─── DATA SUPPLIED

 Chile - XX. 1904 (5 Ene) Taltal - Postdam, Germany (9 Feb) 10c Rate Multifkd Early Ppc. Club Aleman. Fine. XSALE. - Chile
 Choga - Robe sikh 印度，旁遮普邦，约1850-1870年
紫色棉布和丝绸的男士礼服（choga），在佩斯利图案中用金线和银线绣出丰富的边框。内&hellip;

──────
─── DATA SUPPLIED

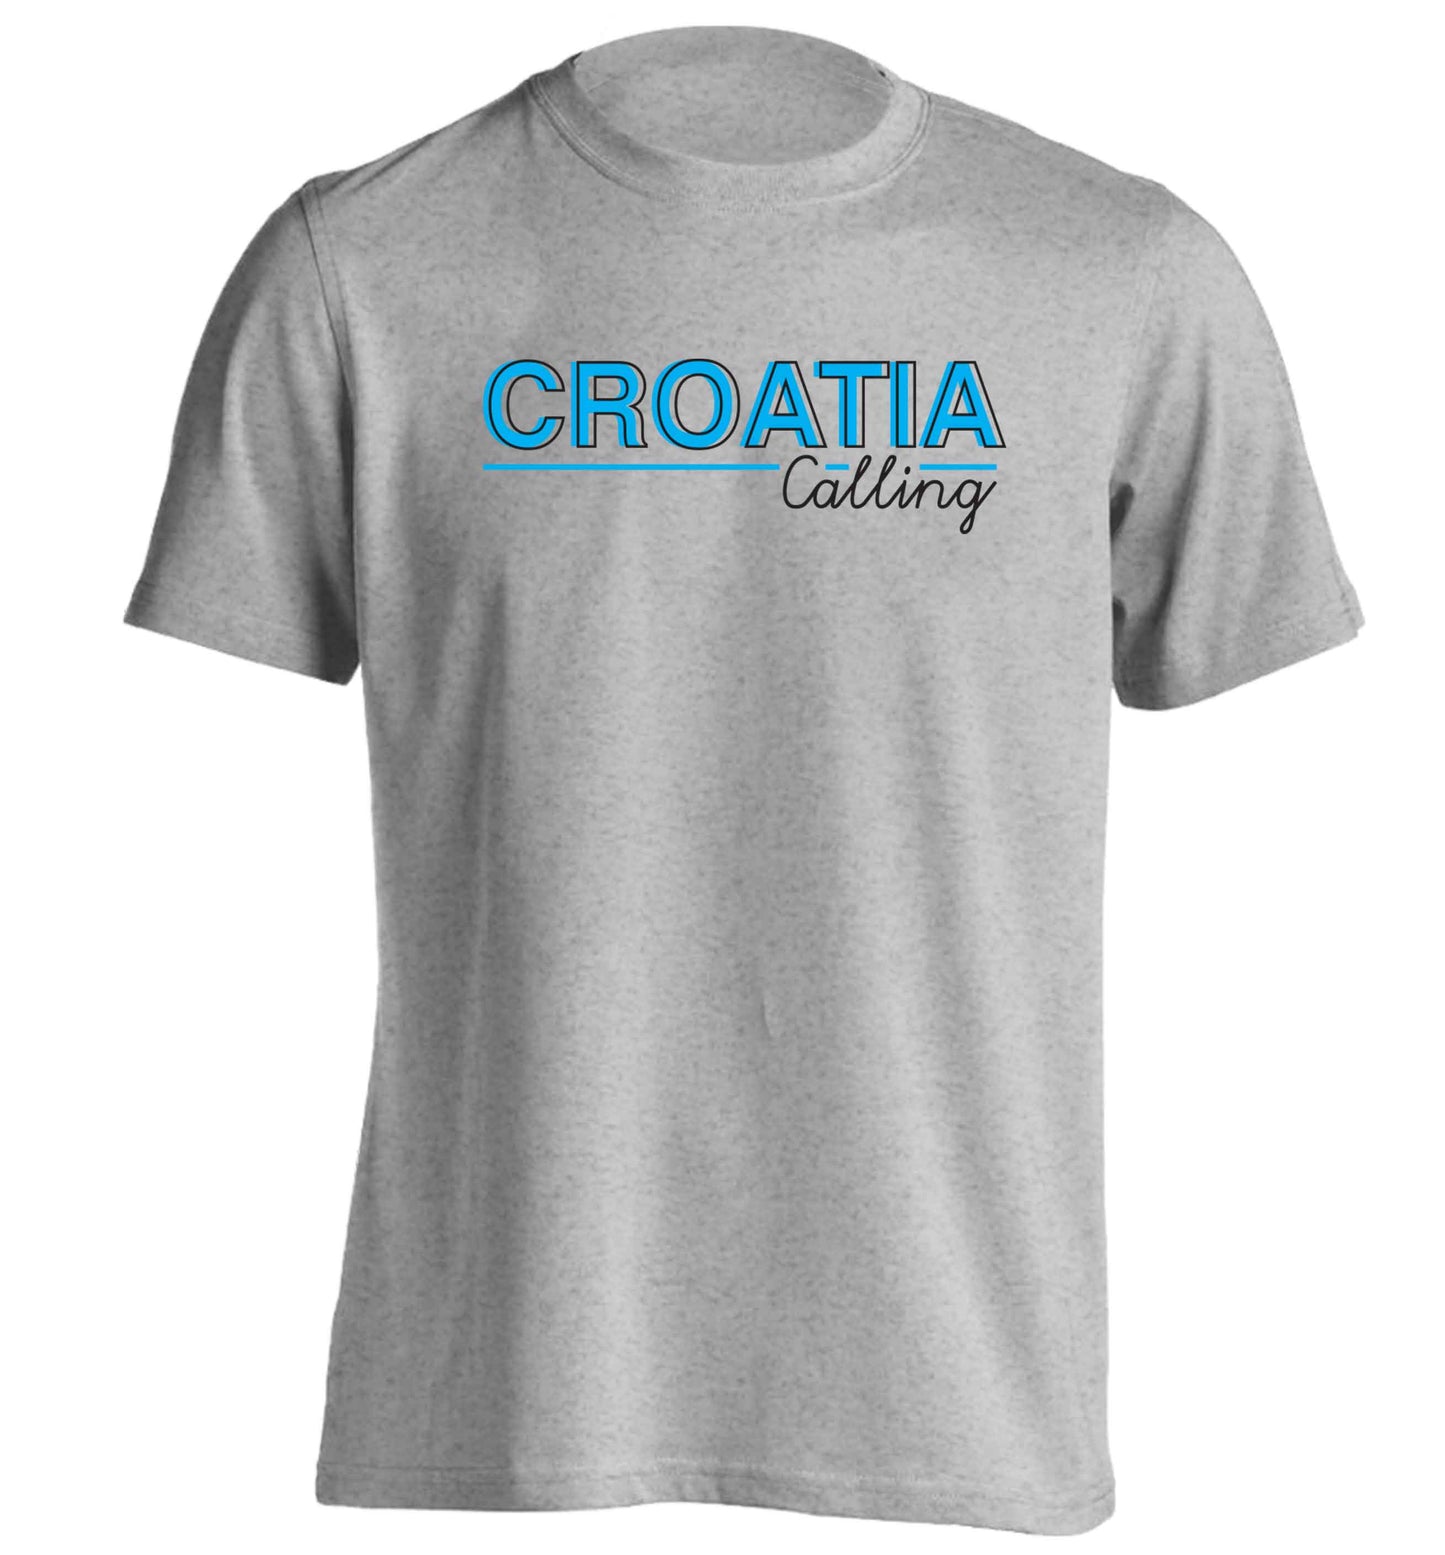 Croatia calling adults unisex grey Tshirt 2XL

──────
─── DATA SUPPLIED

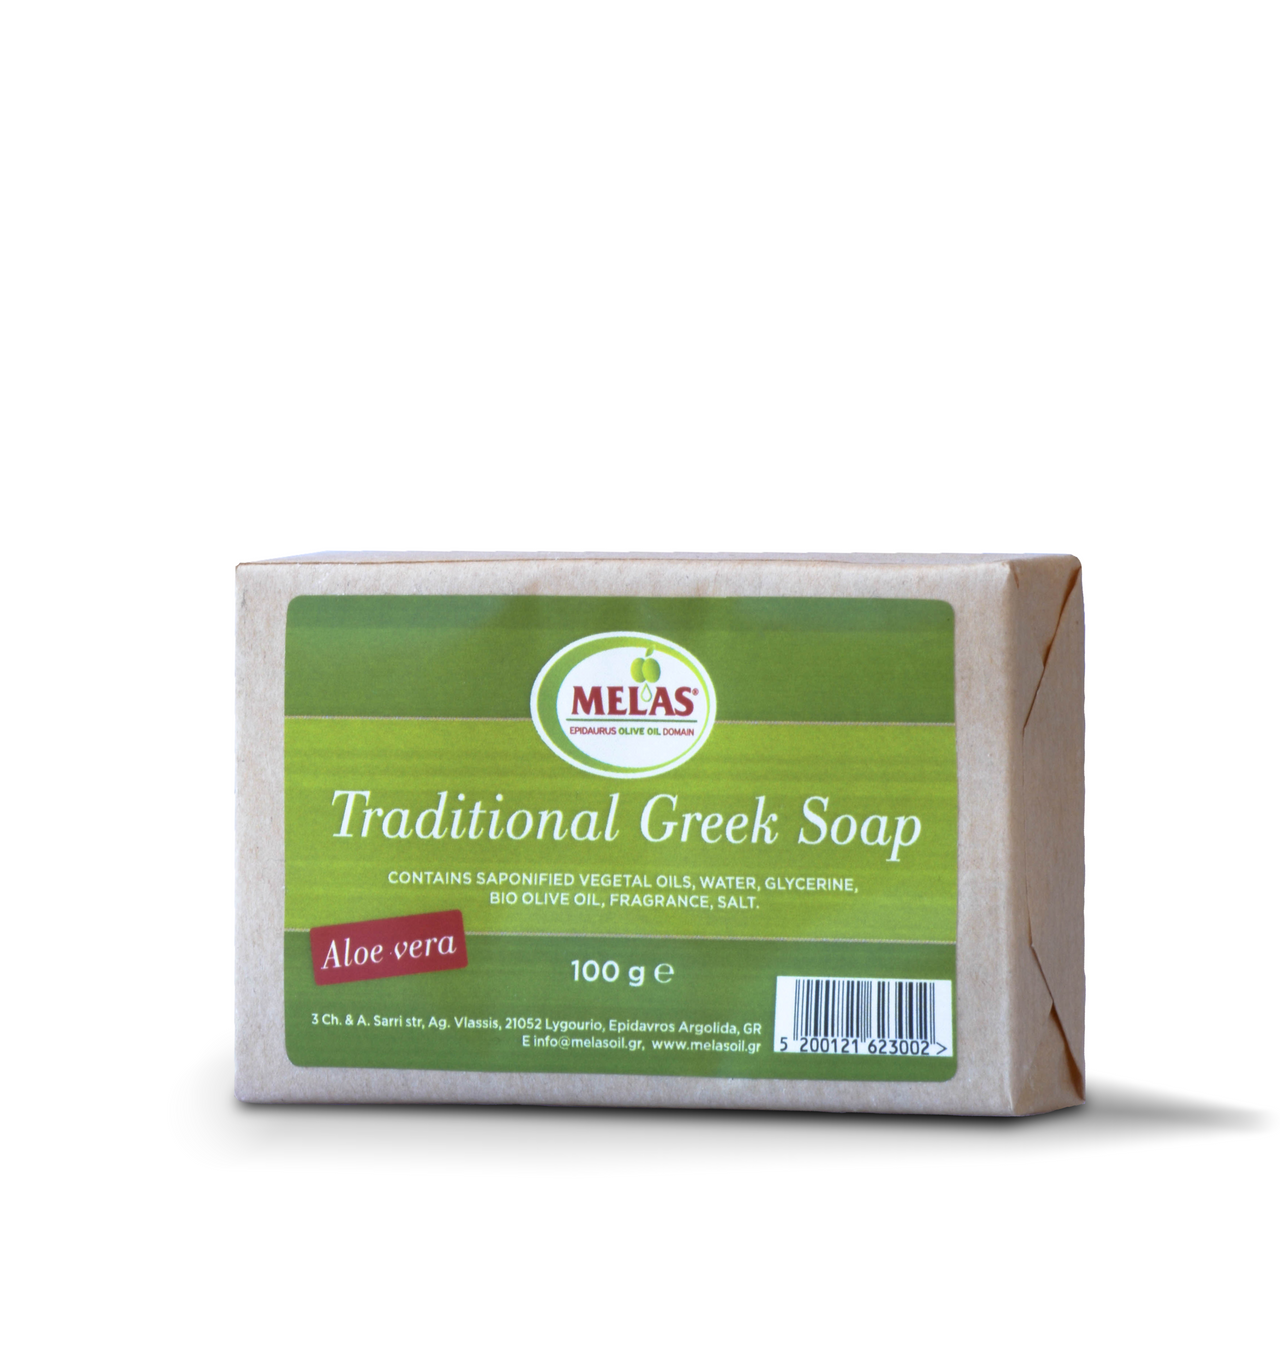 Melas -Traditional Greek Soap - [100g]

──────

PROBLEM REQUIREMENTS: Everything from the line with "Chile - XX." through the line with "紫色棉布和丝绸的男士礼服（c" should be written out exactly as it appears above, end lines included, and nothing outside that range.

COMPLETED EXERCISE:
 Chile - XX. 1904 (5 Ene) Taltal - Postdam, Germany (9 Feb) 10c Rate Multifkd Early Ppc. Club Aleman. Fine. XSALE. - Chile
 Choga - Robe sikh 印度，旁遮普邦，约1850-1870年
紫色棉布和丝绸的男士礼服（choga），在佩斯利图案中用金线和银线绣出丰富的边框。内&hellip;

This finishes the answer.